Abu Teupin Raya, Ulama Produktif Jebolan al-Azhar

Oleh: Muhammad Farhan Sufyan*
(Sumber: ypidarussaadah.id)
Sejarah keilmuan Aceh telah pernah mencapai puncak tertinggi. Kemajuan literasi telah tampak tempo hari. Tentu dengan bukti-bukti yang telah absah, melalui epigrafi, filologi pada manuskrip-manuskrip dan lain sebagainya. Bahkan tidak hanya kemajuan pesat di alam Melayu, diplomasi kerajaan Aceh pada masa Sultan Iskandar Muda telah terjalin kuat. Tidak hanya dengan bangsa timur, bahkan melintasi Benua Eropa dengan bangsa barat.

Namun, di saat penjajah datang. Aceh dikacaukan dari berbagai segi. Walaupun ia menjadi tanah modal untuk kemerdekaan Indonesia, tapi banyak sisi dan segi yang terkuras. Terutama di sosio-intelektual. Perjuangan rakyat Aceh demi membela dirinya sendiri telah melibatkan banyak masyarakat, uleebalang serta ulama turun gunung. Begitulah keadaan tanah rincong dari 1900-2000.

Dalam masa tersebut, dunia intelektual menjadi sangat terperosot. Kurikulum pendidikan menjadi amburadur karena kependudukan Belanda dan Jepang. Sehingga dibutuhkan sosok pembaharu yang dapat diterima oleh khalayak masyarakat.

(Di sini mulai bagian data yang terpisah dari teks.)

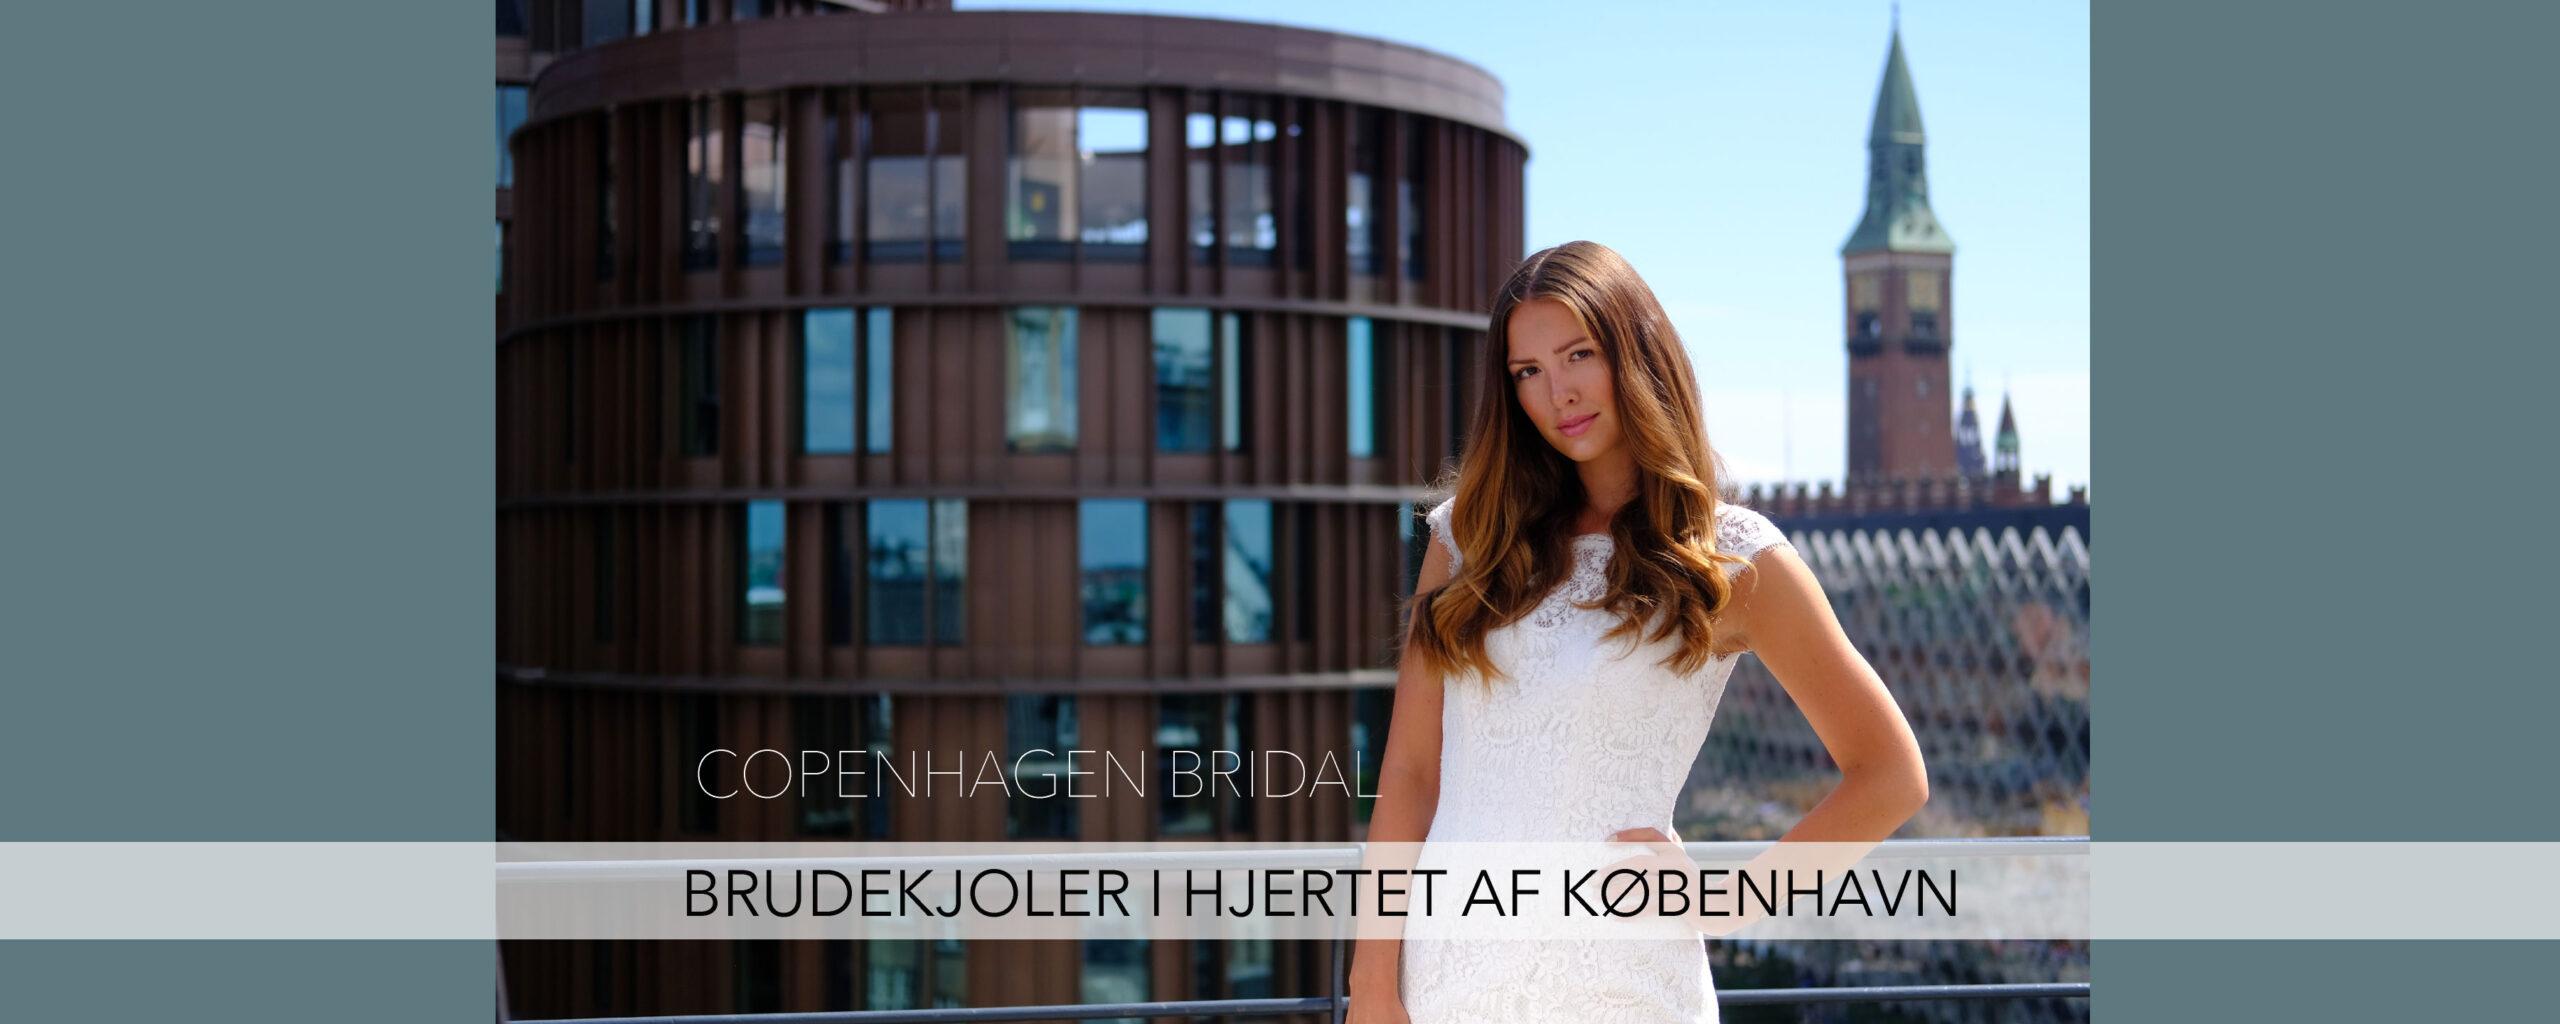 Brudekjoler i hjertet af København - Copenhagen Bridal

Selayang Pandang Hidup Abu Teupin Raya

Pada 17 Ramadhan 1339 H, di Gampong Kayee Jatoe, lahirlah sosok pelita umat, Tgk. Muhammad Ali Bin Muhammad Irsyad yang selanjutnya dikenal dengan Abu Teupin Raya atau Abu Lampoh Pala. Silsilah keluarganya merupakan keturunan bangsawan dan ulama. Ayahnya merupakan pahlawan berjasa ketika perang melawan Belanda. Sementara lewat ibunya mengalir darah ulama. Pendidikan yang didapat oleh Ali saat kecil sangat dinamis. Semuanya didapatkan dari asuhan dan didikan sang ayah yang menjadi guru sejati dalam hidupnya.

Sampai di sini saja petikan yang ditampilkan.